Authors Note: I don't own Roseanne. If I did, the show wouldn't be re-runs only. You might notice some things inter-twined from the episodes. Well anyways, Read and Review!
Roseanne's Point of View
It's been exactly a month since I lost Dan. No one got much of a chance to say good-bye. He left us way to fast. He said that he wouldn't leave me. And I believed him.
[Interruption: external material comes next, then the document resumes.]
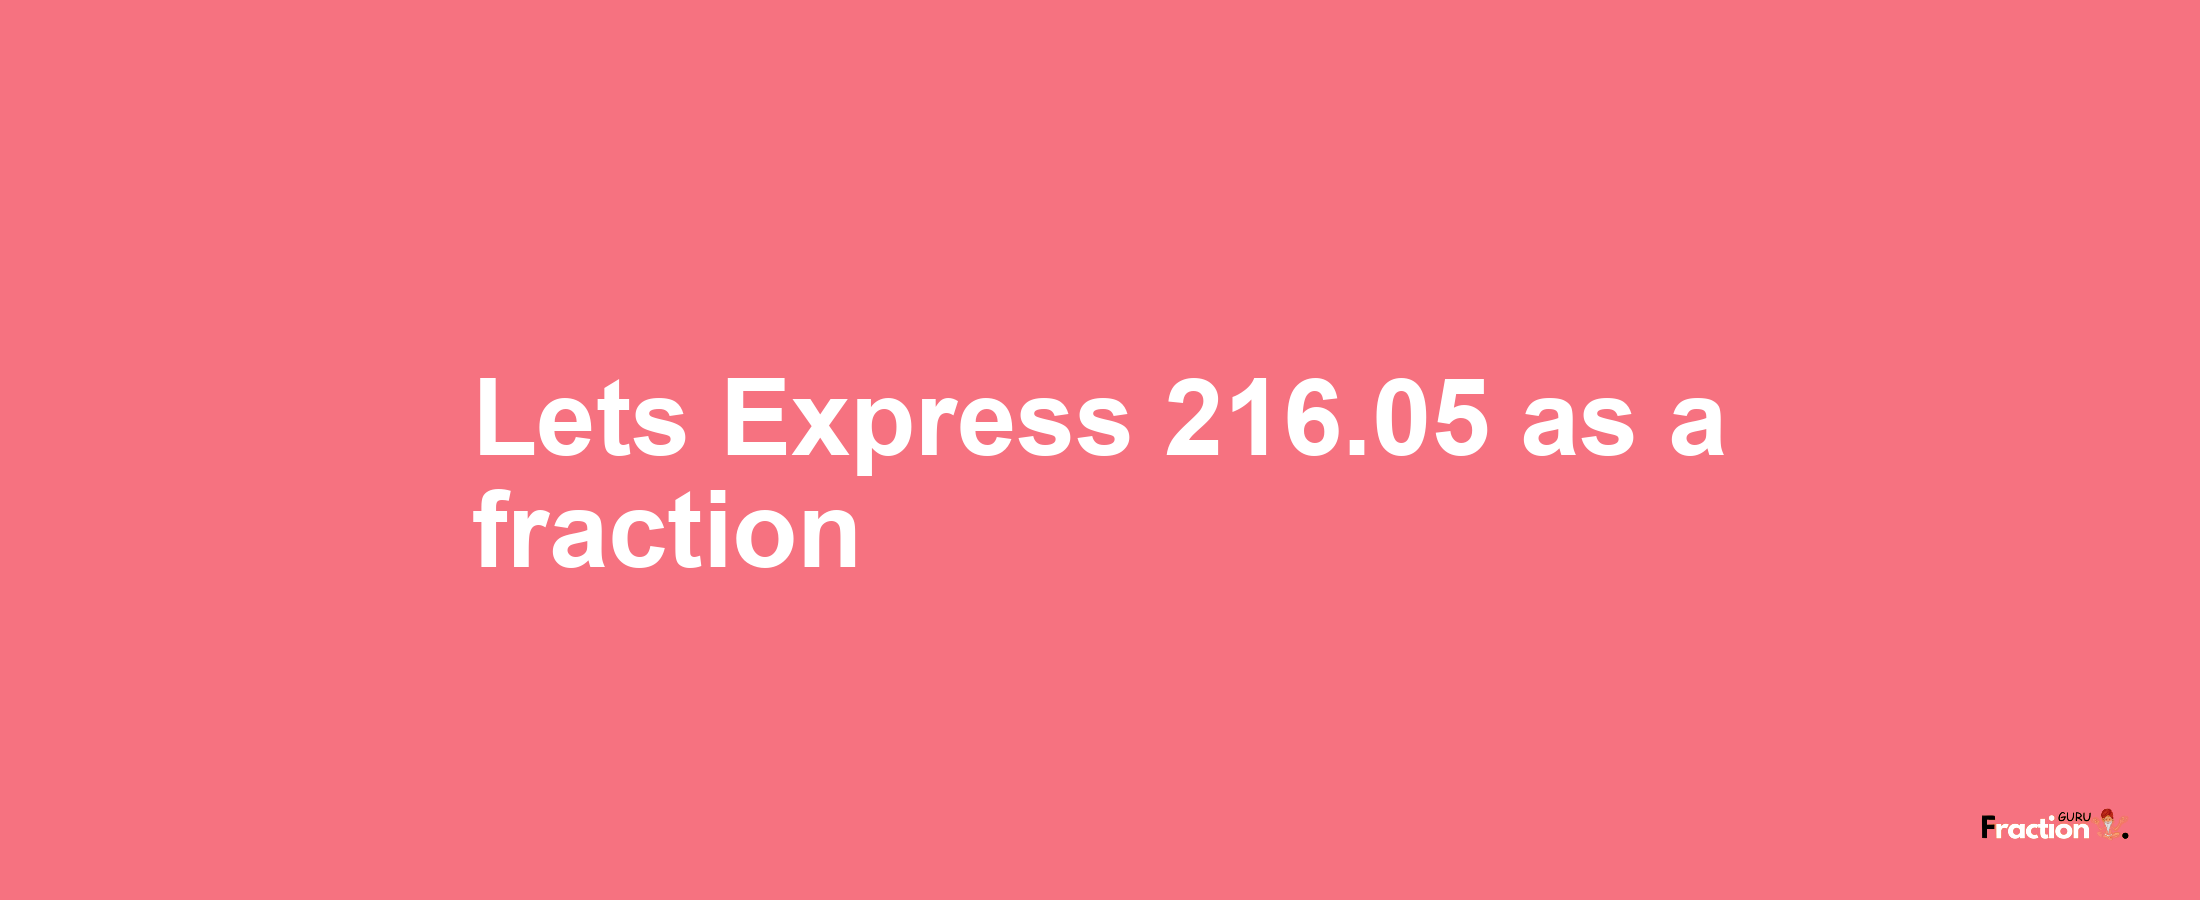 Lets Express 216.05 as afraction

I knew we would leave each other eventually. Deep down I knew. I just didn't want to face the facts. Dan and I went through alot together. Everyone said we'd gotten married way to young, that we'd never make it. But we did. We've been married well over twenty years. We'd raised three kids together, We'd even separated a few times. Well nearly.
In our hearts we knew that there was no one who could provide the same sort of support we provided each other. We knew we'd be stuck with each other, not like we minded though.
I've been thinking back to our marrige. I feel I could've stopped his heart attack. After all, it was partially my fault, right? The doctor said if he had been thinner, it wouldn't have put so much of a strain on his heart. I never pressured him to eat healthier. The healthiest thing we ever ate was probably a McDonalds side salad, and even that was smothered in salt.
Why did he leave first? I did the same things he did, I wasted away beside him. We ate the same, we drank the same, and we were just plain lazy. Why him? Why not me? I was just lucky. It could've been me. I have to start making better choices, if I want to help my family through this.
I had to help them through this. Thats what family's do. They need me, and I need them. But most of all, we need you Dan. We miss you.
A/N: Sound like it's from the episode? Some of it was, but only to capture what was going on, and only about one line. Don't even try to accuse me of plagarism. I've never stolen anyone else's work in my life.